Apesar disso, defensores do politicamente correto necessitam posicionar-se de forma mais

estratégica, conquistando o apoio da maioria com base no diálogo, e não de maneira agressiva ou

coercitiva. Afinal, a tentativa de coibir indivíduos a mudarem de opinião, restringindo suas

formas de se expressarem, ditando o que podem ou não podem dizer, é apenas mudar o lado que

oprime sem de fato mudar o sistema como um todo.

A luta por igualdade e por um mundo mais politicamente correto já está iniciada: a

tomada de consciência das pessoas foi o primeiro passo e agora há que se discutir o seu

andamento até o objetivo final. Por se tratar de um movimento de vanguarda, sentimo-nos

seguros em afirmar que o momento atual é só o começo: as gerações futuras – mais conectadas,

informadas e engajadas – provavelmente se posicionarão ainda mais fortemente sobre essas bases

de movimentos já lançados e, com a ajuda das interações sociais, principalmente no ambiente

digital, darão alguns outros passos adiante.

Brevemente, analisamos a influência dessas mudanças sociais sobre marcas e suas

estratégias de comunicação e propaganda. Mais do que nunca, é fundamental que elas entendam

as transformações atuais do mundo e criem cada vez mais empatia pelo público a quem se

dirigem, colocando-se no lugar dele para que as mensagens comunicadas sejam percebidas de

maneira positiva. Somente entendendo a fundo o comportamento de seus consumidores é que

elas conseguirão se engajar a eles, transmitindo uma essência da marca com que seu público

81

tenha identificação e se sintam representados por ela. A relutância das marcas em não

acompanhar as novas discussões sociais acarretará a elas grandes prejuízos e a perda de confiança

e preferência de seu público, sendo, portanto, um grande erro que podem cometer no delicado

contexto atual, trazendo repercussões e resultados negativos.

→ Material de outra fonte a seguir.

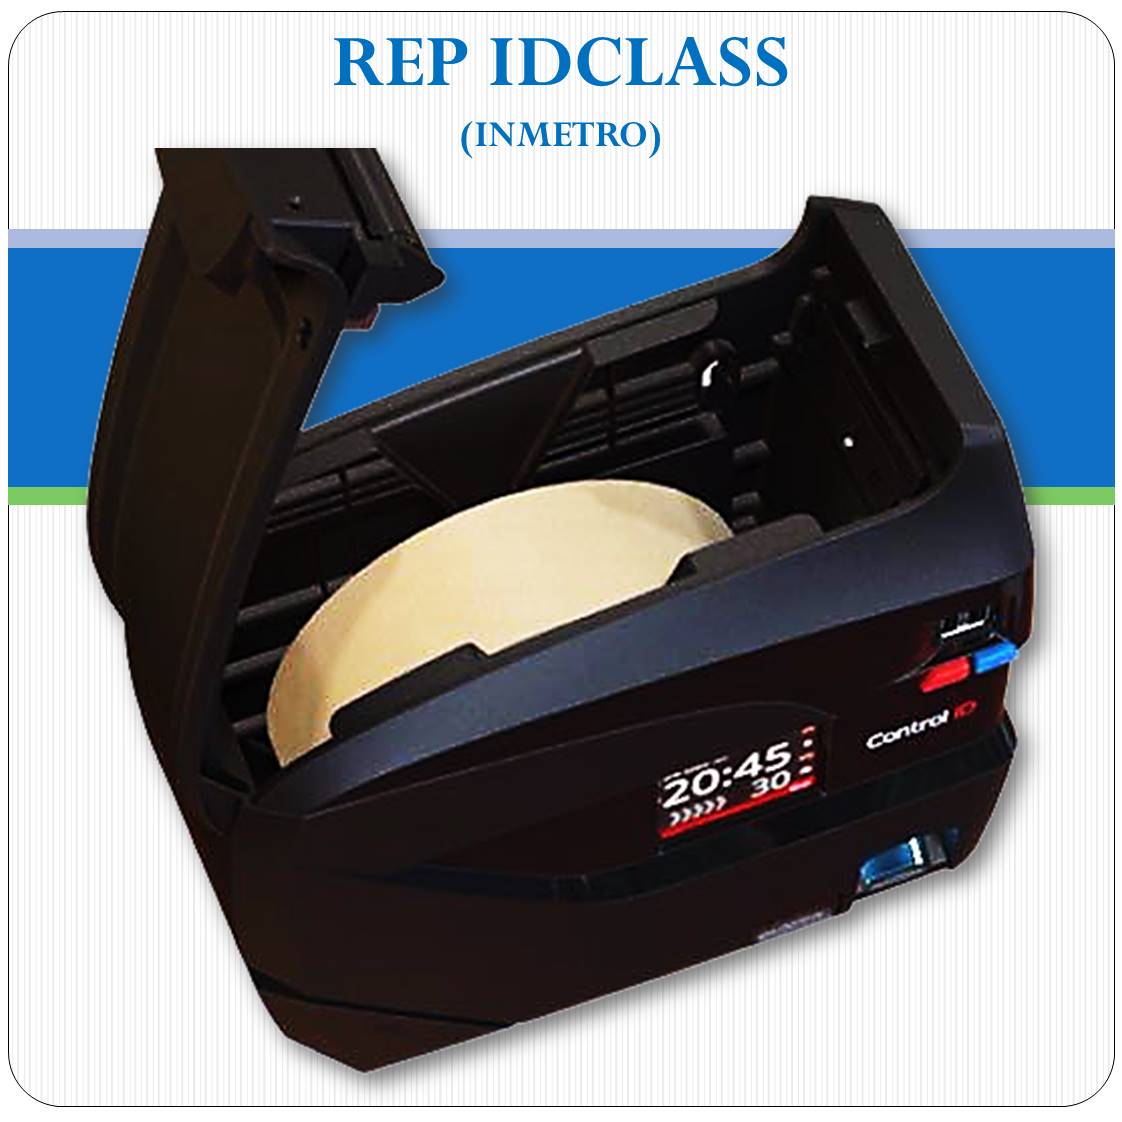 REP iDClass BIO PROX - Biometria, RFID e Senha - Inmetro

Esse debate, no entanto, é complexo e não possui uma conclusão assertiva, pois não há

como julgar o que é certo e o que é errado dentro dele. O que nos resta é ter sempre em mente

que o humor, sim, possui um caráter político e uma função social importantes, que muitas vezes

definem o modo como enxergamos o mundo e as interações entre as pessoas. Há que se

compreender que uma piada possui uma força transformadora, devendo-se, portanto, definir o

discurso que se quer defender ou legitimar ao fazer uma piada ou uma brincadeira, por mais

inocentes que elas possam parecer.

Apesar de tudo e por mais que discutamos sobre as melhores formas de se fazer humor,

idealizando aquele em que menos pessoas sintam-se agredidas e inferiorizadas, uma coisa é certa:

há que se rir. O riso, como característica única e exclusivamente humana, nos faz ser o que

somos; é por meio dele que nos comunicamos e interagimos em nossa natureza, sendo impossível

viver sem rir, pois o cômico é integrante fundamental e intrínseco à nossa vida e ao

funcionamento da sociedade. Ao rir, nos percebemos como humanos. Sem ele, o deixamos de ser.